Q. Conciliation under CPC


Answer:
 The Code of Civil Procedure (Amendment) Act, 1999 inserted  Section 89
providing for settlement of disputes outside the Court
and additionally inserted Rules 1 A, 1 B, 1 C to Rule 1 of Order X to the
Code. Section 89 confers the jurisdiction on the court to refer a dispute
to an ADR method, whereas Rules 1 A to 1 C of Order X lay down the
way in which the jurisdiction is to be exercised by the court. The court
explains the alternatives concerning ADR method to the parties, permits
them to take a method by consensus, and
if there's no consensus, proceeds to choose the method.

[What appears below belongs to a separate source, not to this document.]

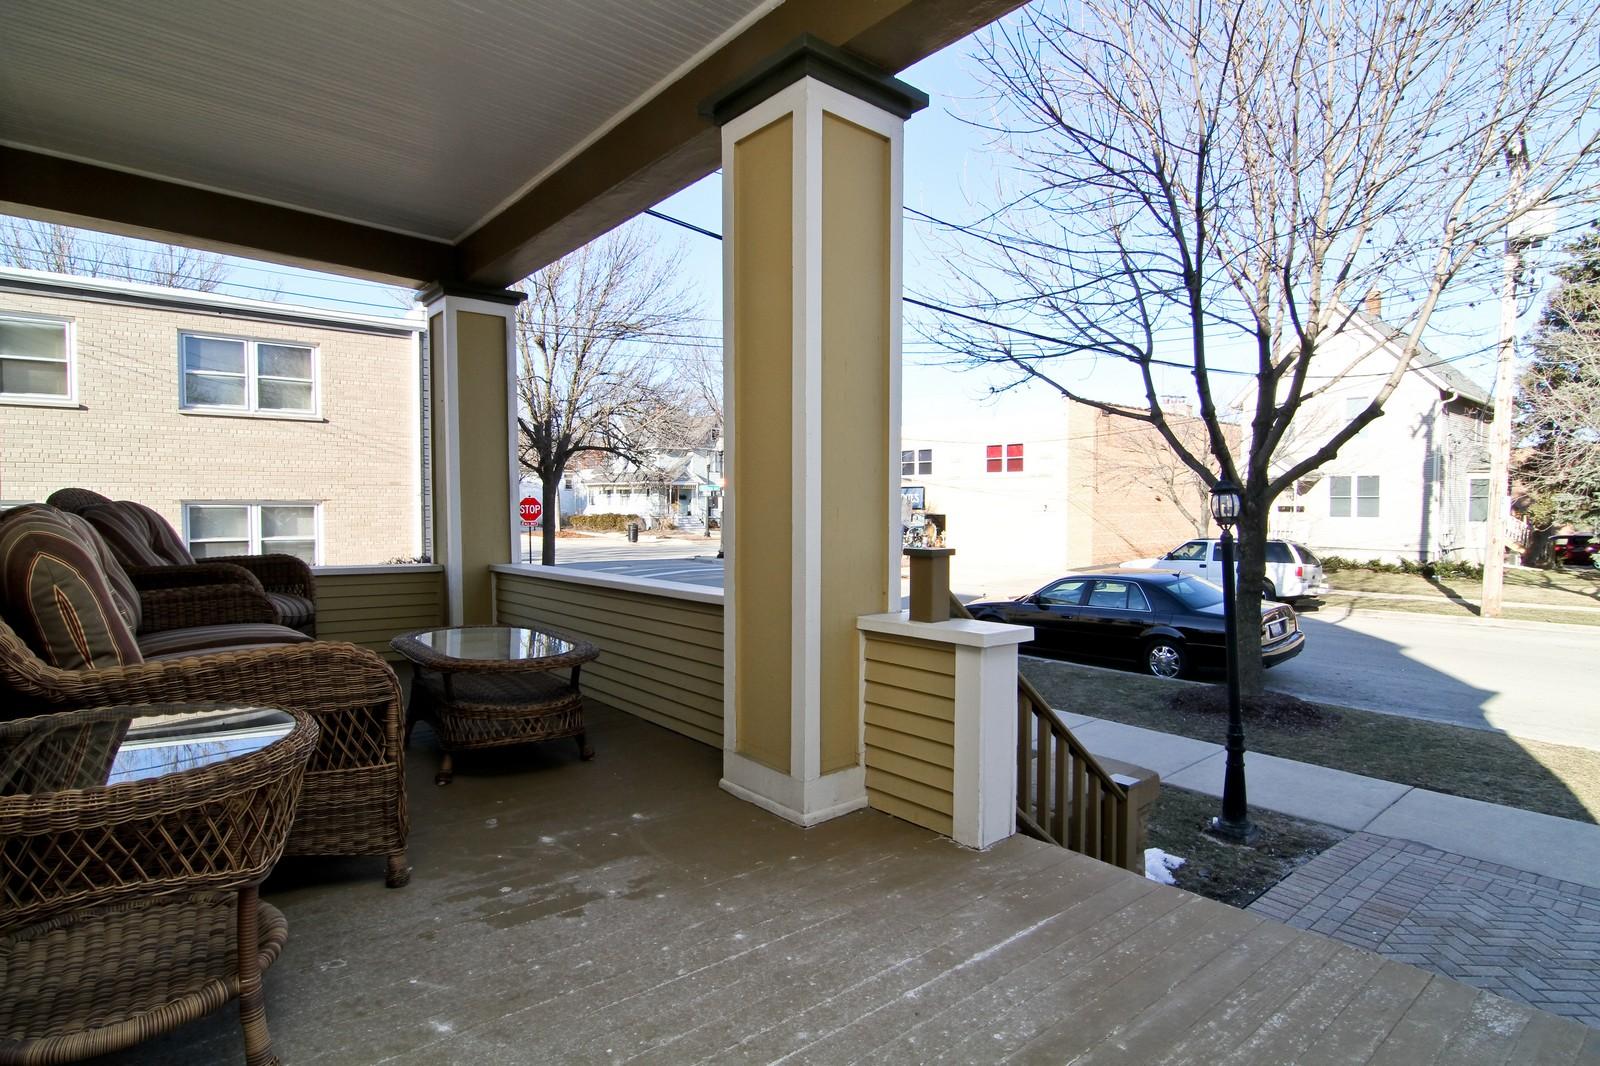 Real Estate Photography - 310 S Hale St, Wheaton, IL, 60187 - Porch
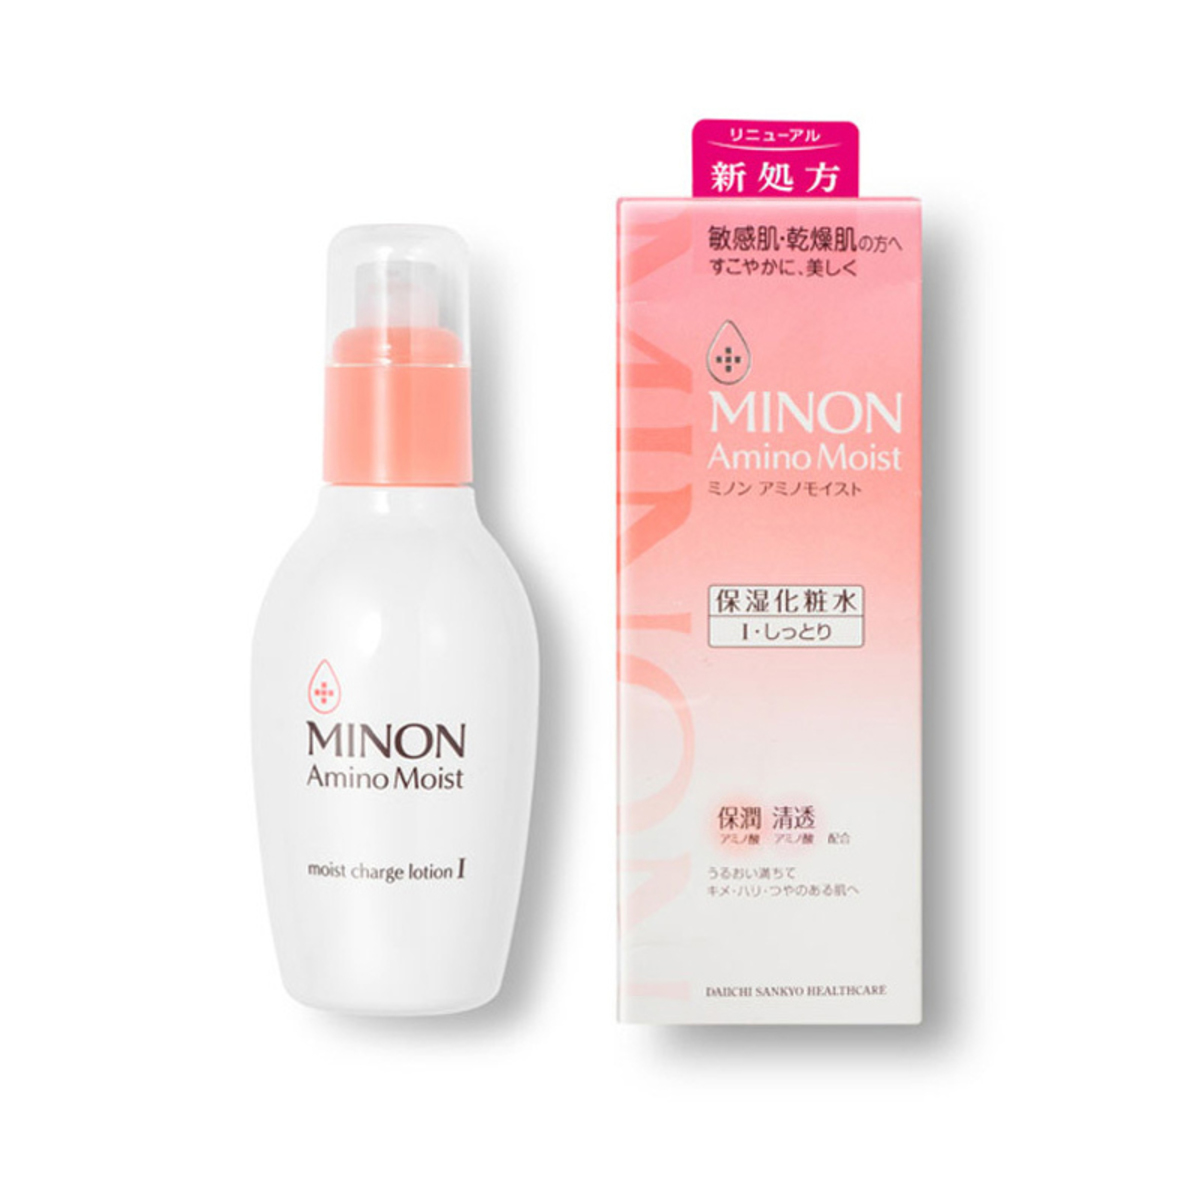 MINON Amino Moist moist charge Lotion I (Light) 氨基酸保濕化妝水 I (清爽) 150ml

 Dispute settlement outside the Court (Section 89) Section 89 of the Code
of Civil Procedure, 1908 provides for the settlement of disputes outside
the Court and makes a provision that once it seems to the court that there
exist components of a settlement which can be acceptable to the parties,
the court shall formulate the terms of settlement and provide them to the
parties for observations and when receiving the observations of the
parties, the court could develop the terms of a doable settlement and
refer for—
(a) Arbitration;
(b) Conciliation;
(c) Judicial settlement together with settlement through Lok Adalat; or
(d) Mediation
 Further, Section 89 provides that when a dispute is referred for
arbitration or conciliation, the provisions of the Arbitration and
Conciliation Act, 1996 shall apply as if the proceedings for arbitration or
conciliation were referred for settlement under the purview of the
provisions of Arbitration and Conciliation Act, 1996. In case of Lok Adalat,
the provisions of sub-section (I) of Section 20 of the Legal Services
Authorities Act, 1987 shall apply.
  In regard to the above provisions, a compulsory duty has been assigned
to the civil courts to endeavour for settlement of disputes through an
ADR procedure.
  The objective of Section 89 is to confirm that the court
makes an endeavour to facilitate out-of-court settlements through  ADR
processes before the trial commences.
  Thus, Alternative Dispute Resolution (ADR) which at
one time was thought of as a voluntary act on the part of the parties
has currently obtained statutory recognition with the enactment of
Arbitration and Conciliation Act, 1996, Legal Services Authorities Act,
1987, and also the incorporation of ADR mechanisms envisaged
in Section 89 and Order X Rules 1 A, 1 B and 1 C within the Code of Civil
Procedure, 1908 is an extra radical step taken by law-makers for
promoting ADR in India. Thus, the Indian law-
makers have currently created adequate provisions in law to facilitate
introduction of ADR mechanisms in India.
 There is flexibility within the use of ADR procedures. The flexibility is
available within the procedure and also within the process to get to a
decision .The solutions may be problem-specific. The rigidity of precedent
as utilized in adversarial technique of dispute-resolution would not
interfere in the way of finding solutions to the disputes with creative
means.
  Thus, the growth of ADR strategies can give access to
several litigants. It’ll facilitate in reducing the excess work
load that's placed on the judiciary. Once the cases unfinished before the
judiciary become manageable, the courts would be able to improve the
standard of their decisions. This would have a great impact in improving
not only the access to justice but even the standard of justice.